The second phase of Shenzhen Metro CLC and the Internet ticketing management system set up SSC+HAC mode at the main production cloud center and each station to realize the high-availability cluster function. It can meet the stable operation of 4000 concurrency for more than 1 hour, tens of millions of data volumes, and millisecond-level query response.
The core system of a commercial bank in a southwest city adopts the SSC+HAC high-availability solution, and after the database is replaced, it continues to run online for more than 760 days, which fully reflects the stability of GBase 8s.
Summary: The pursuit of business continuity knows no bounds
In the future, GBase 8s will continue to optimize and improve its high-availability solutions, such as providing more fine-grained resource management and control capabilities, and locking the tables involved in some transactions after the primary node fails, so that other tables can still be opened for transactions. In addition, session persistence and transaction persistence capabilities are provided.
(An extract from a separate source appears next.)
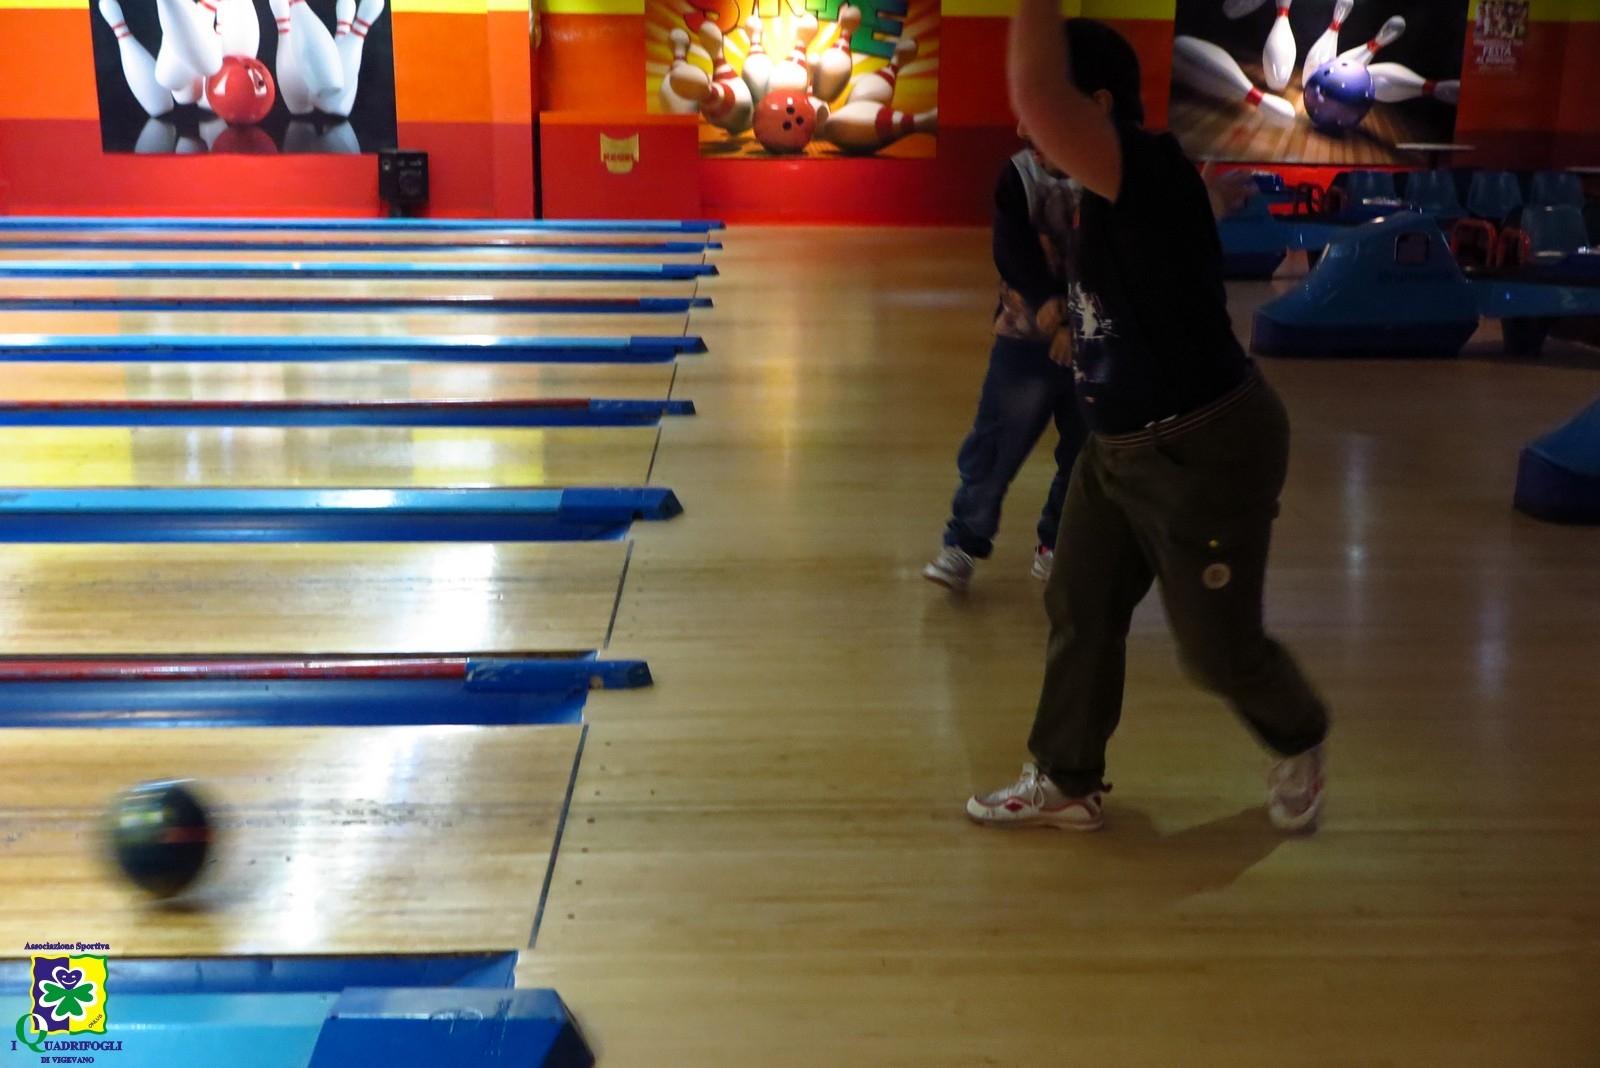 Torneo Bowling Vigevano 19-12-2018 - 013

Support data sharding in shared storage clusters, reduce conflicts, and more.
"Ensuring the best business continuity for our customers, no matter what kind of database failure, is not perceived to the customer, which is our ultimate goal." Cui Zhiwei said that GBASE will continue to build a trustworthy database for users, and more and more real user scenarios have polished GBase 8s to be more stable and reliable, and its SSC cluster has been launched hundreds of sets, and the recognition of customers has given him great confidence.
In the era of the digital economy, the pursuit of business continuity is endless. However, in the case of limited resources, whether it is high availability or business continuity, users and vendors need to work together to achieve better results.
"On the user side, leaders and technical teams should formulate reasonable high-availability handover goals, break the strong binding between key systems and high-availability capabilities, and design high-availability goals according to the real characteristics of the system business. On the database vendor side, they should optimize the high availability of their products according to the needs of users' application scenarios, and do not always spell an unreliable failover time. To borrow the end of this paragraph in the article, I hope that with the joint efforts of users and manufacturers, the high availability of the system can be continuously improved, and the business continuity performance can be better guaranteed.